305.0035 Sales to Non-Indians on Reservation. Indian retailers selling tangible personal property on their reservations to non-Indians are required to register with the Board and collect and remit use tax on such sales. 7/8/76. (Am. 2004–2).
(Note: Regulation 1616(d)(3)(A)2. was amended effective March 6, 2003, to exempt Indian retailers selling meals, food and beverages at eating and drinking establishments from the obligation to collect use tax when the meals, food or beverages are sold for consumption on an Indian reservation.)
305.0060 Traders on Reservations. As a result of the decision of the United States Supreme Court in Warren Trading Post v. Arizona Tax Commission, 380 U.S. 685 (1965), sales tax does not apply to sales by federally licensed Indian traders trading with Indians on reservations. After noting that Congress and the Commissioner of Indian Affairs have prescribed comprehensive statutes and regulations governing Indian traders, the court says:
"We think the assessment and collection of this tax would to a substantial extent frustrate the evident congressional purpose of ensuring that no burden shall be imposed upon Indian traders for trading with Indians on reservations except as authorized by Acts of Congress or by valid regulations promulgated under those Acts. This state tax on gross income would put financial burdens on appellant or the Indians with whom it deals in addition to those Congress or the tribes have prescribed, and could thereby disturb and disarrange the statutory plan Congress set up in order to protect Indians against prices deemed unfair or unreasonable by the Indian Commissioner. And since federal legislation has left the state with no duties or responsibilities respecting the reservation Indians, we cannot believe that Congress intended to leave to the state the privilege of levying this tax. Insofar as they are applied to this federally licensed Indian trader with respect to sales made to reservation Indians on the reservation, these state laws imposing taxes cannot stand." 1/17/67.

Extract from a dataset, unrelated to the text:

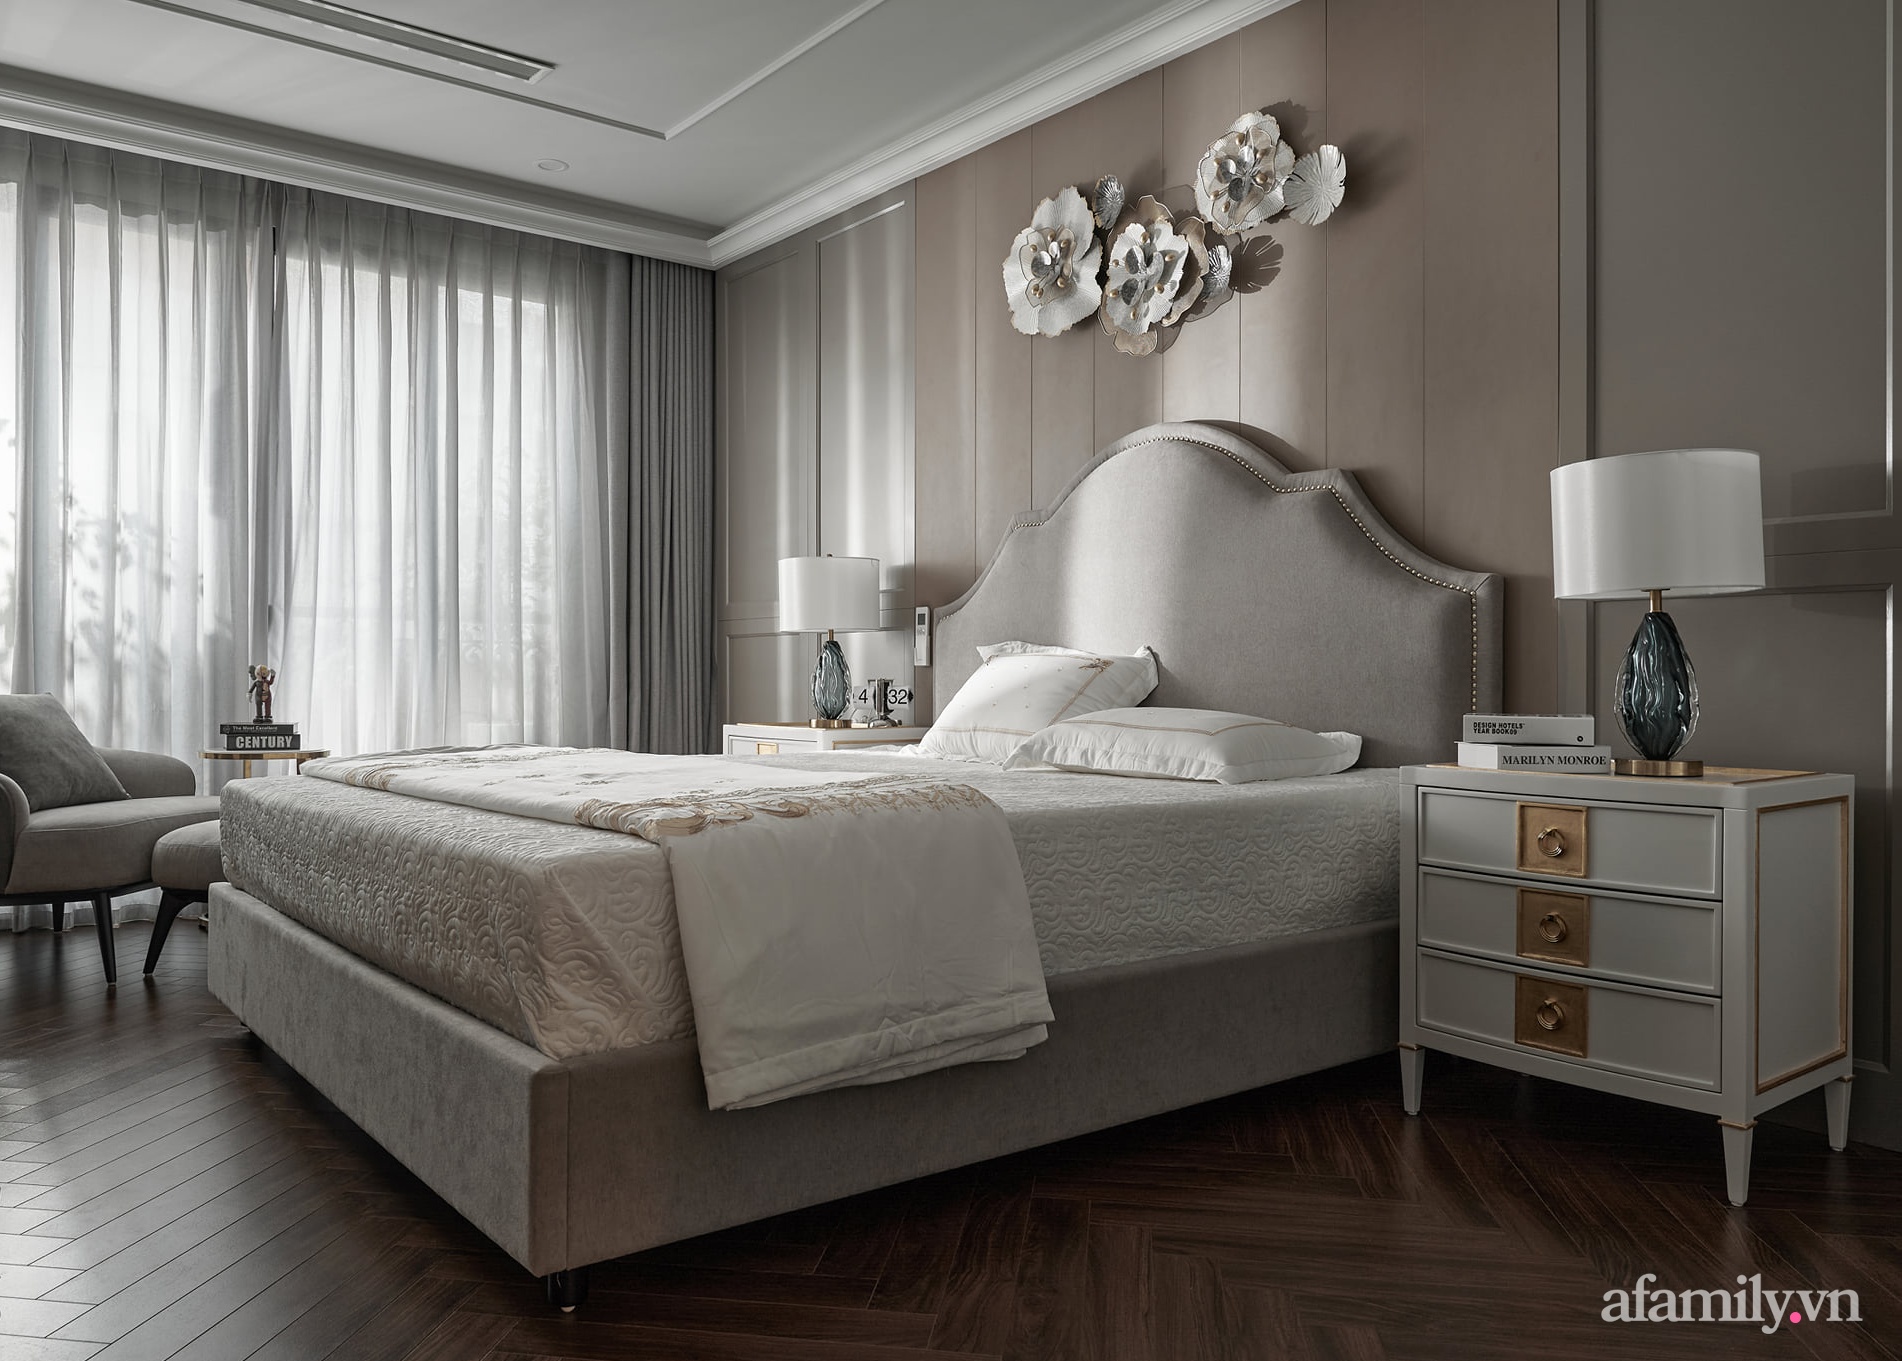  Căn phòng ngủ thứ 2 với vẻ đẹp của đường nét bán cổ điển khi thiết kế phần đầu giường kết hợp với đồ trang trí.

305.0100 Tribal Tax. A tribal tax is similar to a business license tax imposed by a municipality. These taxes are considered one of the costs of doing business and may not be deducted from gross receipts. 6/13/96.
305.0300 Use Tax Collection Responsibility. When an Indian tribe sells tangible personal property on the reservation to non-Indians or to Indians who do not reside on the reservation, the tribe is required to register with the Board and to collect use tax from the purchasers. This is true even if the tribe manufactures the property on the reservation. 11/15/94. (Am. 2004–2).
(Note: Regulation 1616(d)(3)(A)2. was amended effective March 6, 2003, to exempt Indian retailers selling meals, food and beverages at eating and drinking establishments from the obligation to collect use tax when the meals, food or beverages are sold for consumption on an Indian reservation.)
305.0360 Use Tax—Exemption. Regulation 1616 sets forth the conditions under which the use of property, including vehicles, vessels, and aircraft, purchased by an Indian from an off reservation retailer and delivered to the purchaser on the reservation is exempt from use tax. The test for "use" is a "principal use" test covering the first 12 months following delivery. Thus, if a vehicle is used on the reservation more than it is used off the reservation during that first 12-month period, the principal use is considered to be on the reservation. When not in functional use, the vehicle would be "garaged" (stored or used) on the reservation. 6/2/89.